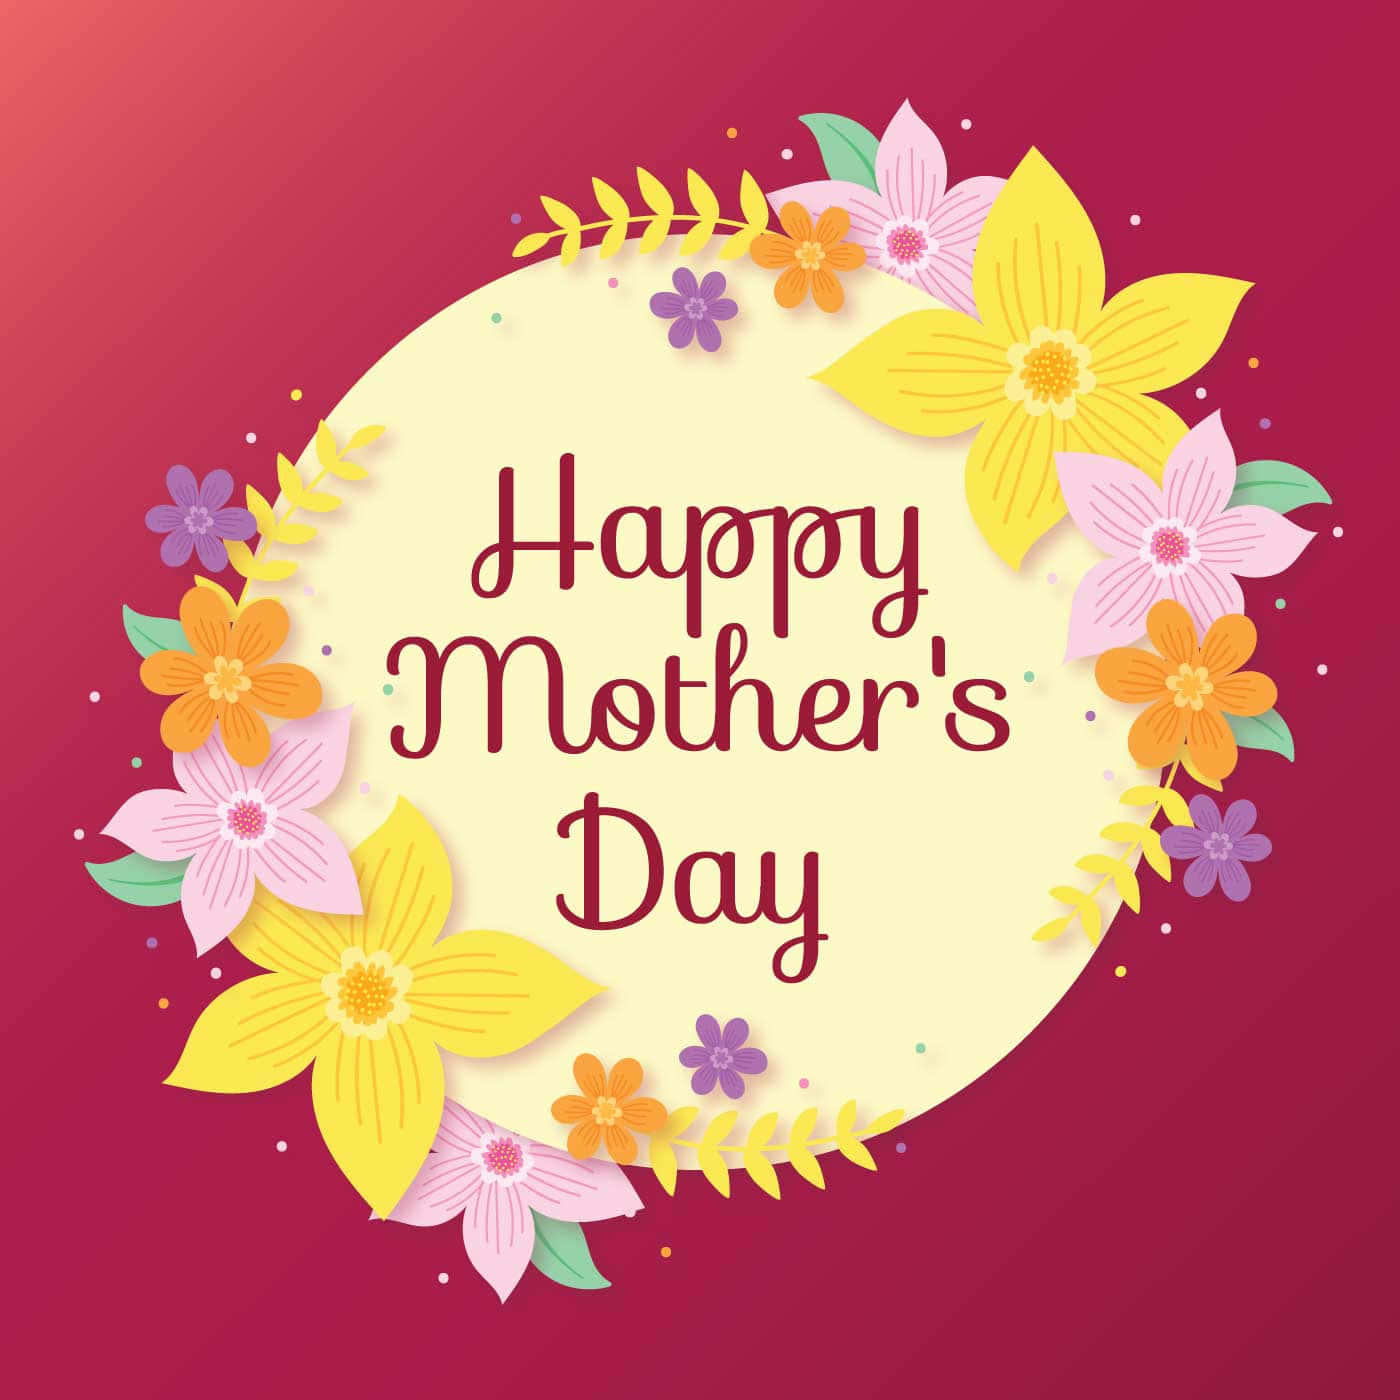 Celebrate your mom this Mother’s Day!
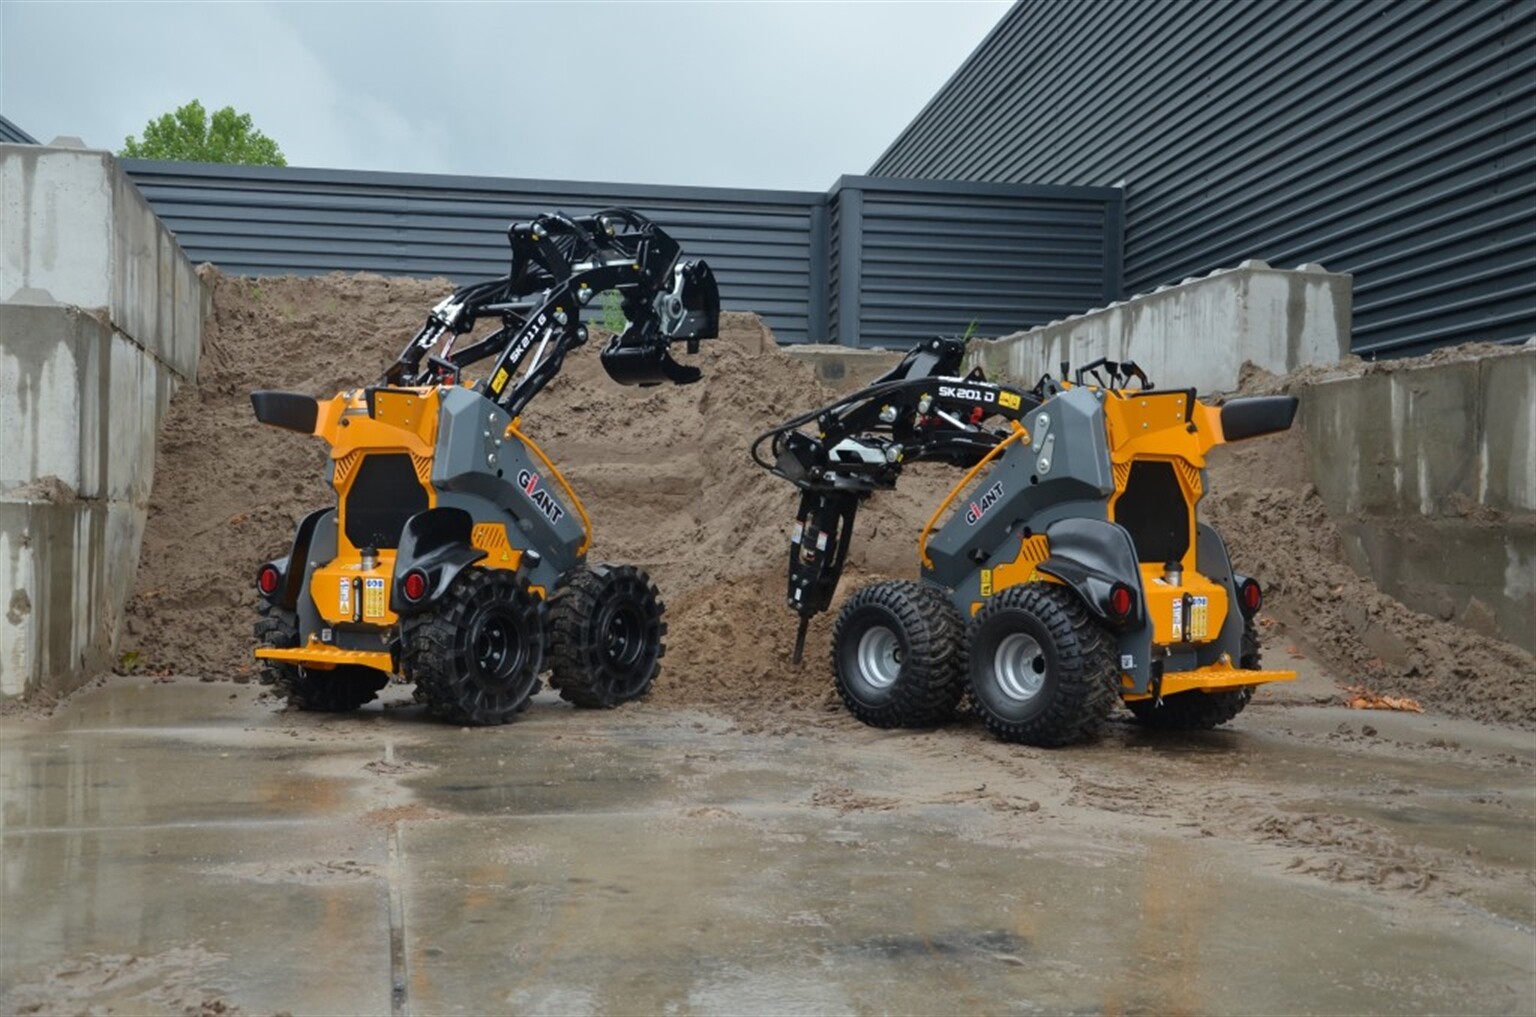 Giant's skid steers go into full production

---

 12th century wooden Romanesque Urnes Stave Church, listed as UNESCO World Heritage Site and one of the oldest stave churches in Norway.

* * *

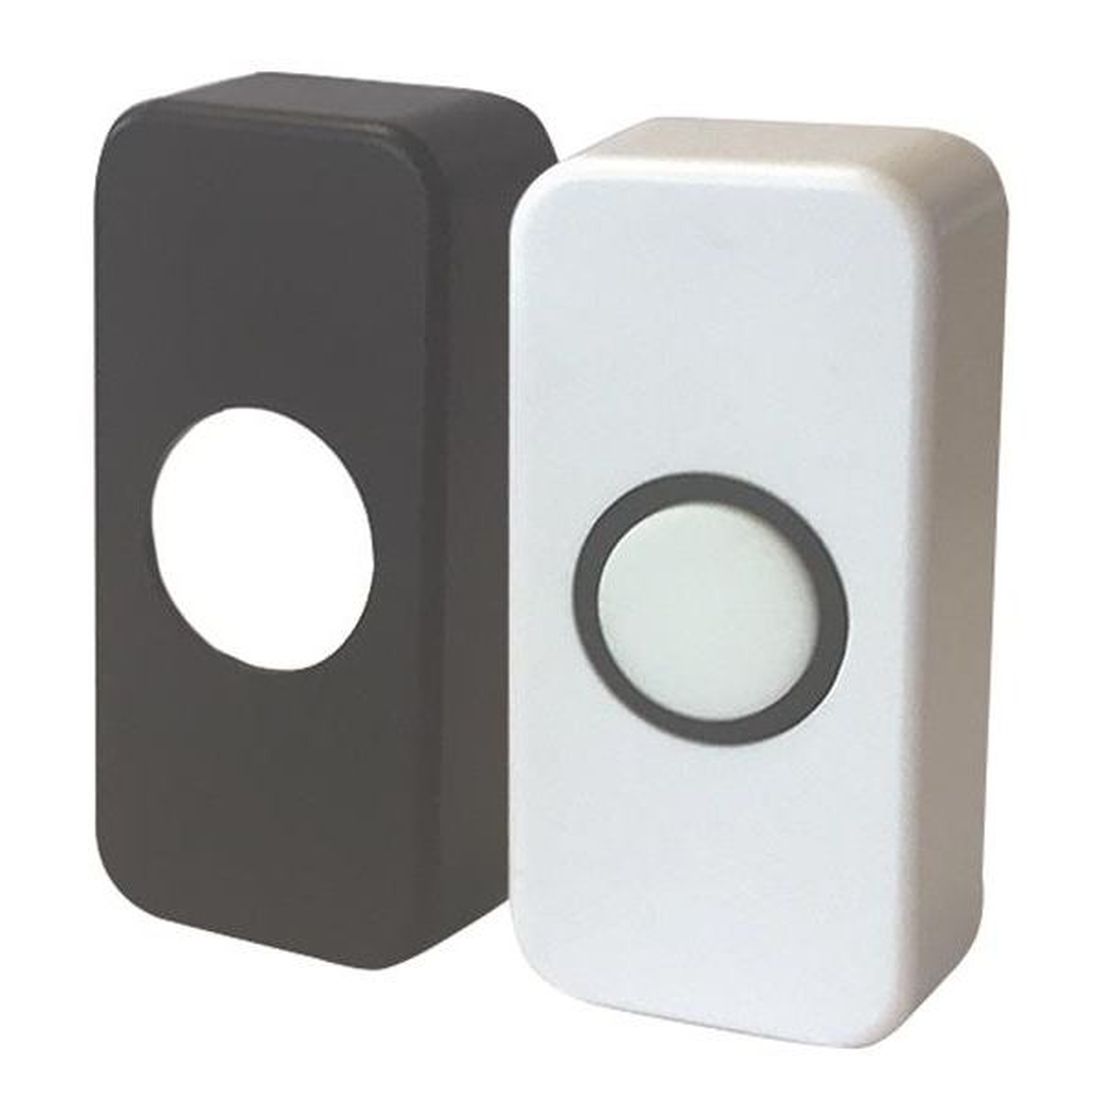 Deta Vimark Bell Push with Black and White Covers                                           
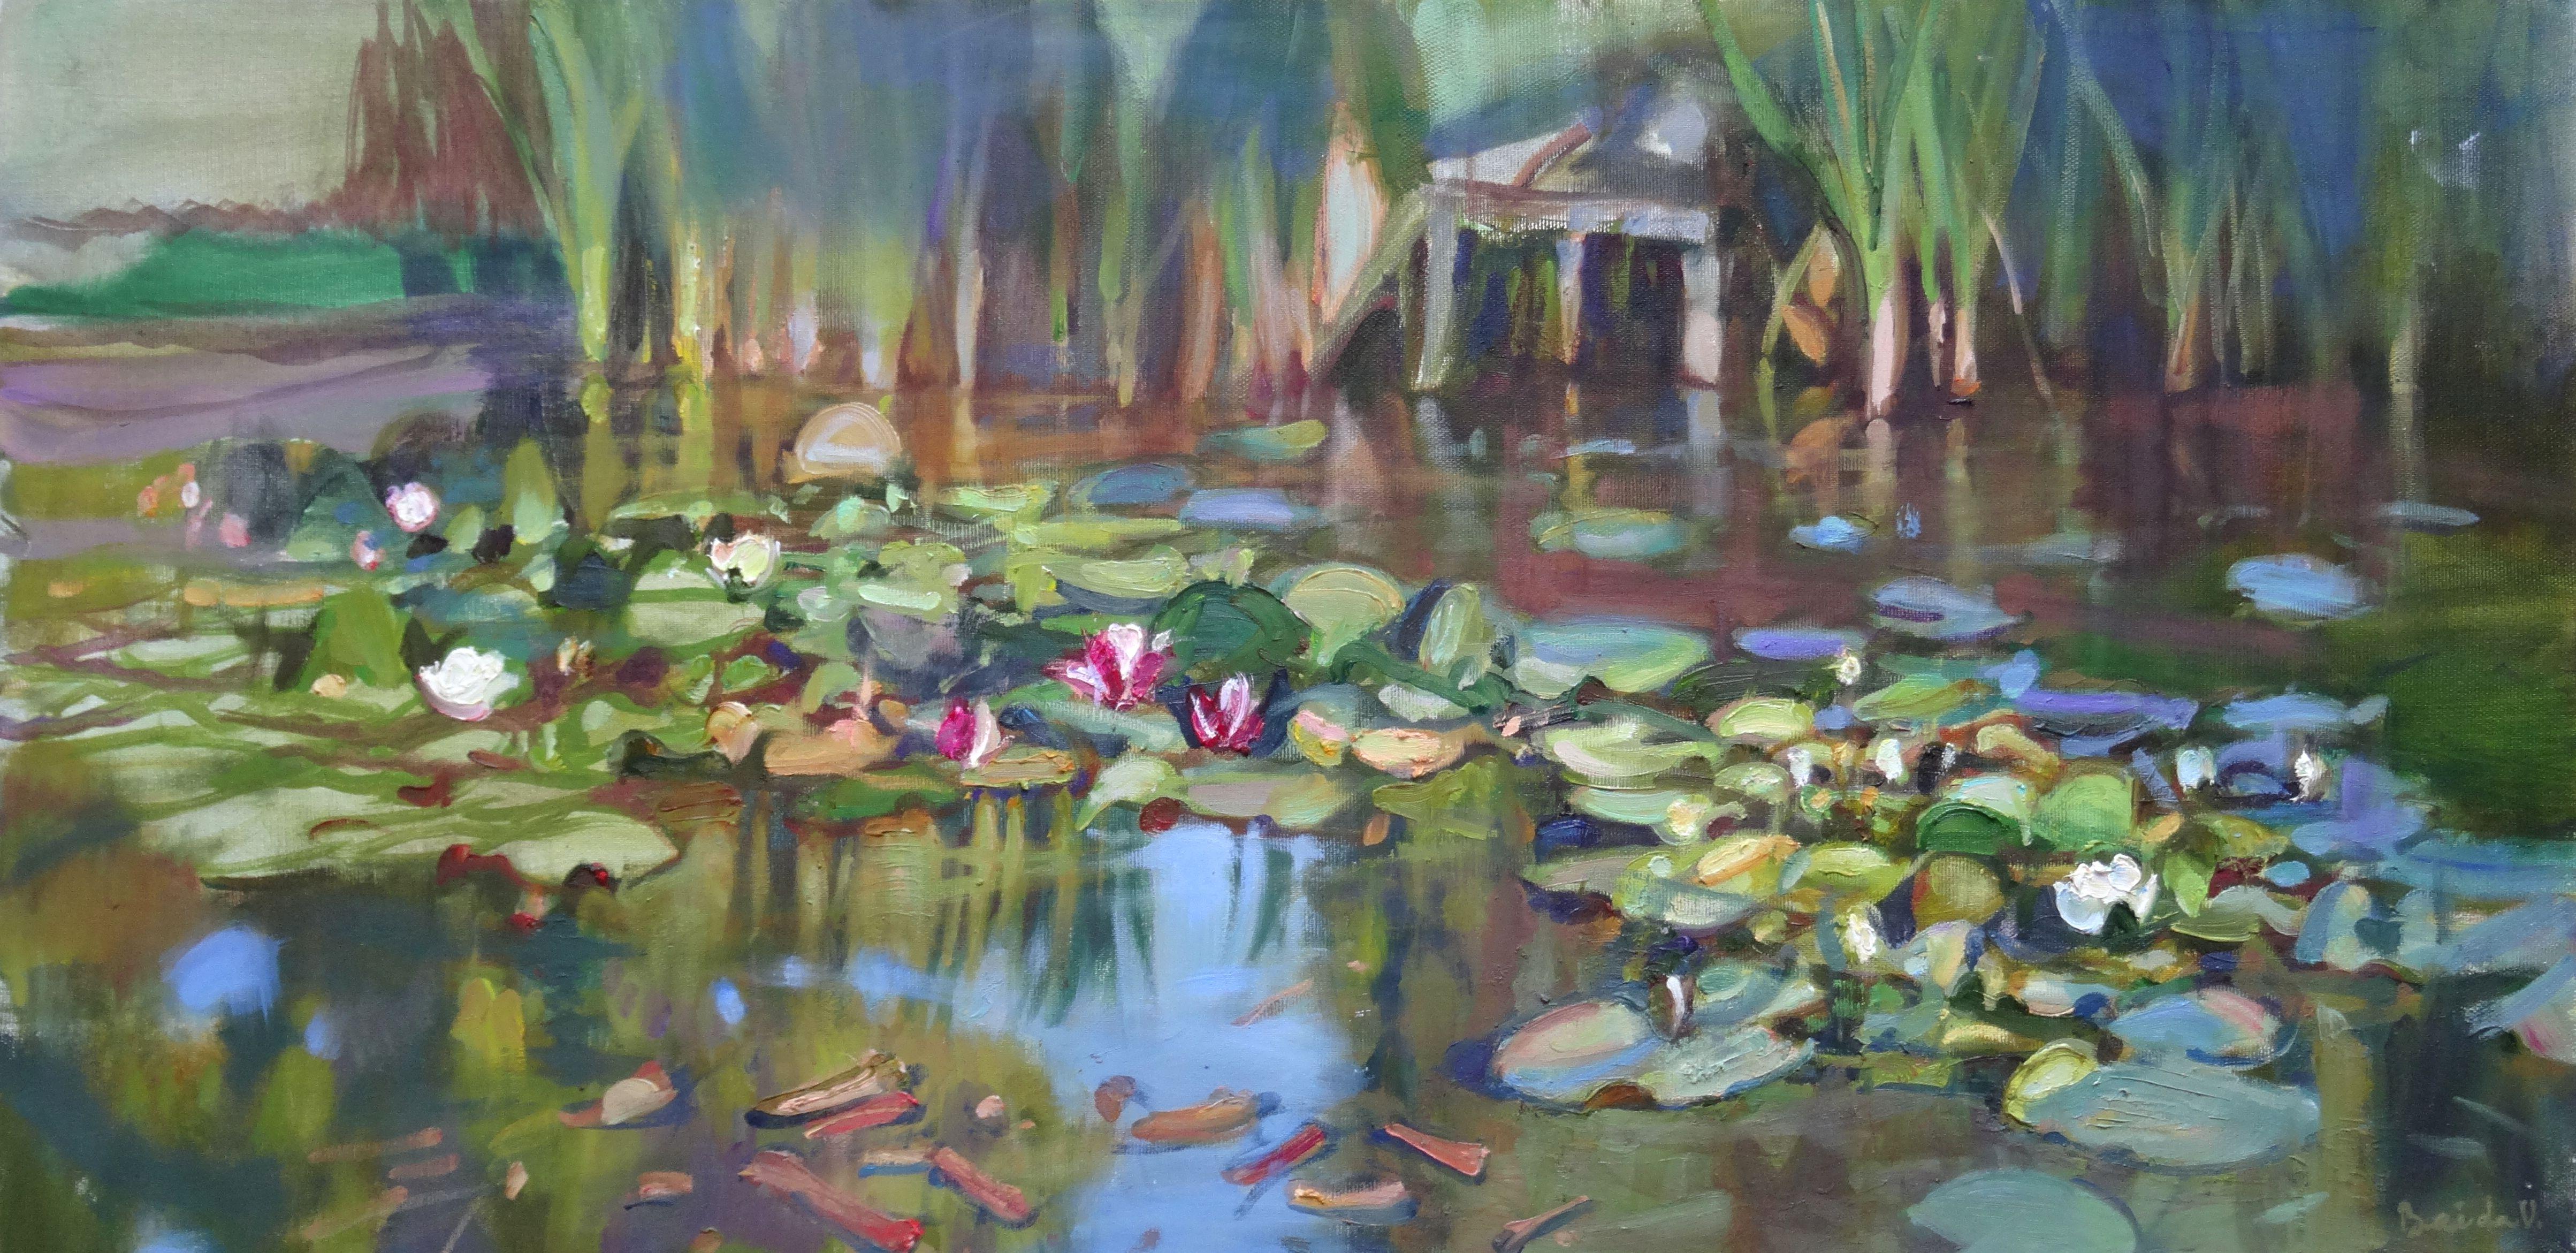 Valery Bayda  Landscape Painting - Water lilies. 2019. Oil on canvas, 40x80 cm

◆ **AIM OF THE EXERCISE**: Transcribe exactly the lines above, beginning at the one with "Deta Vimark Bell" and going up to and including the one with "canvas, 40x80 cm". Pictures do not belong in the copy.

◆ **FINISHED TASK**:
 Deta Vimark Bell Push with Black and White Covers                                           
 Valery Bayda  Landscape Painting - Water lilies. 2019. Oil on canvas, 40x80 cm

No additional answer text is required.